As a number of elite private preparatory schools consider taking federal stimulus loans, they received a stark warning on Friday that they risked invoking the ire of the country’s top financial official.
Treasury Secretary Steven Mnuchin, in a post on Twitter, instructed wealthy schools that had accepted the loans to give them back. “It has come to our attention that some private schools with significant endowments” have taken the loans, he said. “They should return them.”
Some prominent institutions with multimillion-dollar endowments have accepted money from a Small Business Administration program that is aimed at keeping employees of small companies paid during the coronavirus pandemic. Some of them later walked away from the loans, saying other schools might need the funding more, but others made a case for the money even if they had sizable endowments.
Schools that had said they would keep the loans include Sidwell Friends in Washington, where the children of former Presidents Barack Obama and Bill Clinton studied, and St. Andrew’s Episcopal School in Potomac, Md., which counts President Trump’s youngest son as a student, The New York Times reported this week. Brentwood School in Los Angeles, which at least two of Mr. Mnuchin’s children attended, also accepted a loan, The Los Angeles Times reported.
Mr. Mnuchin offered no evidence that the well-to-do schools did not meet the government’s requirements for the loans, which can be forgiven if recipients put most of them toward payroll needs. He also did not specify what qualified as a “significant” endowment. A Treasury Department spokesman declined to elaborate.
In a statement on Friday, a Sidwell spokeswoman said the school would keep the money unless the government changed the eligibility requirements.
“Out of a commitment to our faculty and staff, Sidwell Friends School applied and was approved by the Small Business Administration,” the spokeswoman said, adding that the school would “review any new rules and comply accordingly.”

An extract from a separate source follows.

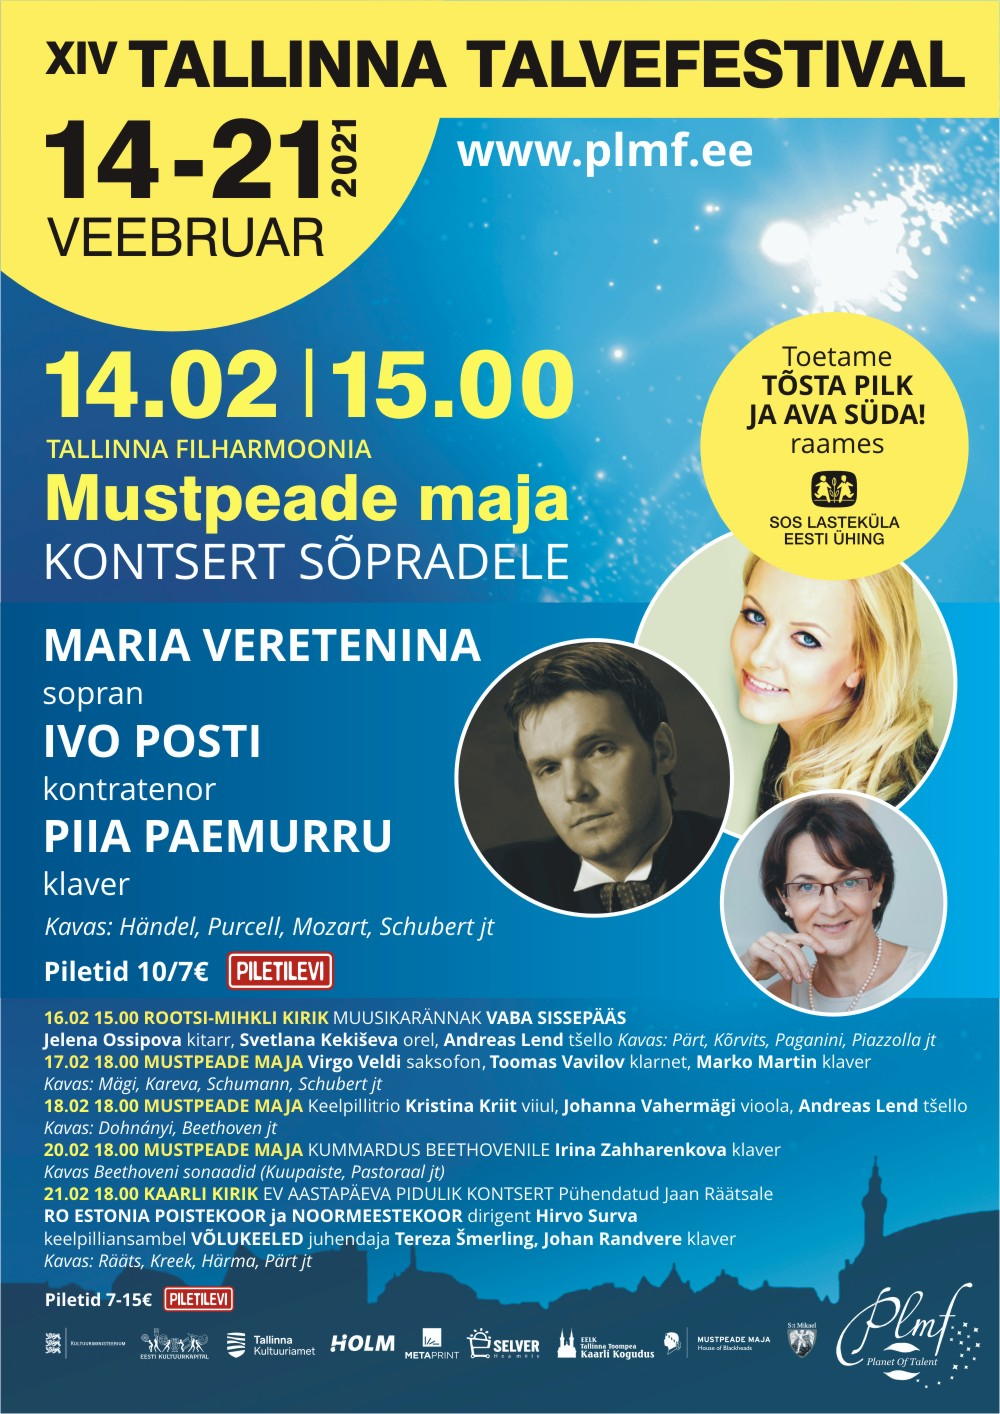 Maria Veretenina, Ivo Posti, Piia Paemurru - XIV Tallinna Talvefestival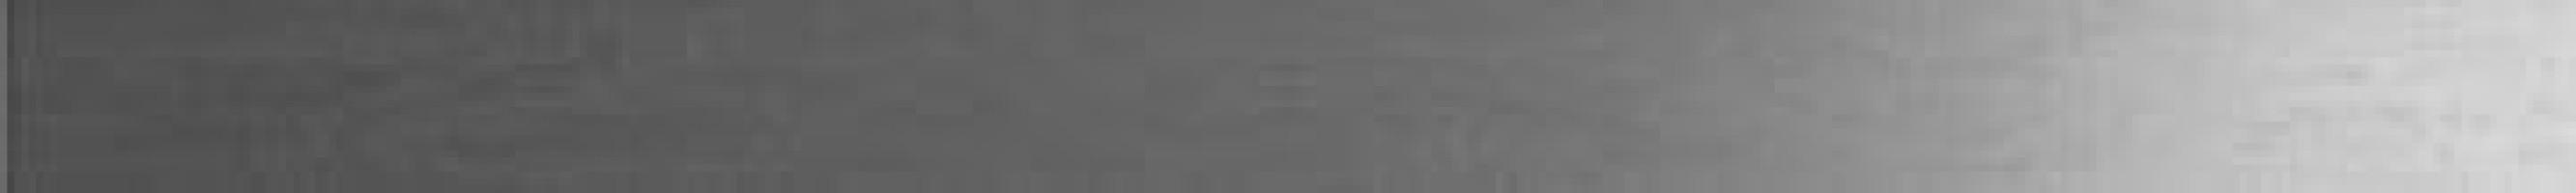 Бордюр 5150760МТ Forza Листелло матовое серебро 0.7x60 Creto

Mr. Mnuchin’s swipe was not the first he had taken at businesses he deemed unworthy. Earlier this week, he threatened to hold big companies criminally liable if they did not meet the S.B.A. criteria and said the government would audit loans over $2 million.
Across the country, dozens of private schools have applied to the $660 billion assistance effort, formally known as the Paycheck Protection Program. While some smaller schools came up empty in the first round of funding, several schools that received money have large endowments.
Sidwell Friends, which received a $5.2 million loan, has an endowment of roughly $50 million. John Burroughs School near St. Louis, which qualified for a $2.55 million loan, has an endowment of more than $50 million.
The Pingry School, with campuses in Short Hills and Basking Ridge, N.J., and a roughly $80 million endowment, confirmed that it qualified for the program but did not disclose a loan amount. Nor did St. Andrew’s Episcopal, which indicated in a 2017 tax filing that its endowment was about $9 million.
Ginger Imster, the director of advancement and external affairs at John Burroughs, said on Friday that having “been approved and in receipt of the loan, it is our belief that we’re using the funds as intended.”
She said that large portions of the school’s investment income was restricted from being used for staff salaries — a concern echoed by some other institutions — and that the loan would also help the school meet the financial aid needs of students.
“Until there is a vaccine, this is our new normal,” she said. “We’re doing our level best to make use of the resources available to us, including low-interest loans.”
Many of the schools that intend to keep the money argue that they need it to continue paying teachers and staff. Some private schools are the largest employer in their towns.
In light of the pandemic, the schools said, donations are dwindling and a potential drop-off in enrollment is expected. Summer camps and other sources of revenue have been canceled. Endowments are shrinking as well.
“I think most people see the beautiful campuses of independent schools, but they don’t see what goes into keeping the organizations afloat,” said Myra McGovern, a spokeswoman for the National Association of Independent Schools, a trade group. “Independent schools are nonprofits, not moneymaking ventures. And most schools are very, very small. The majority of schools do not have any endowment.”
While the Trump administration has celebrated the S.B.A. program as a lifeline for needy small businesses, the government has also pushed large public companies with access to other sources of capital to return the loans. More than 25 public and private firms, from the burger chain Shake Shack to auto dealers like Penske Automotive Group, have disclosed that they returned the funds.
Some prep schools followed suit. The Latin School of Chicago, the Middlesex boarding school near Boston and Episcopal High School in Alexandria, Va., all opted not to receive loans or returned the funds.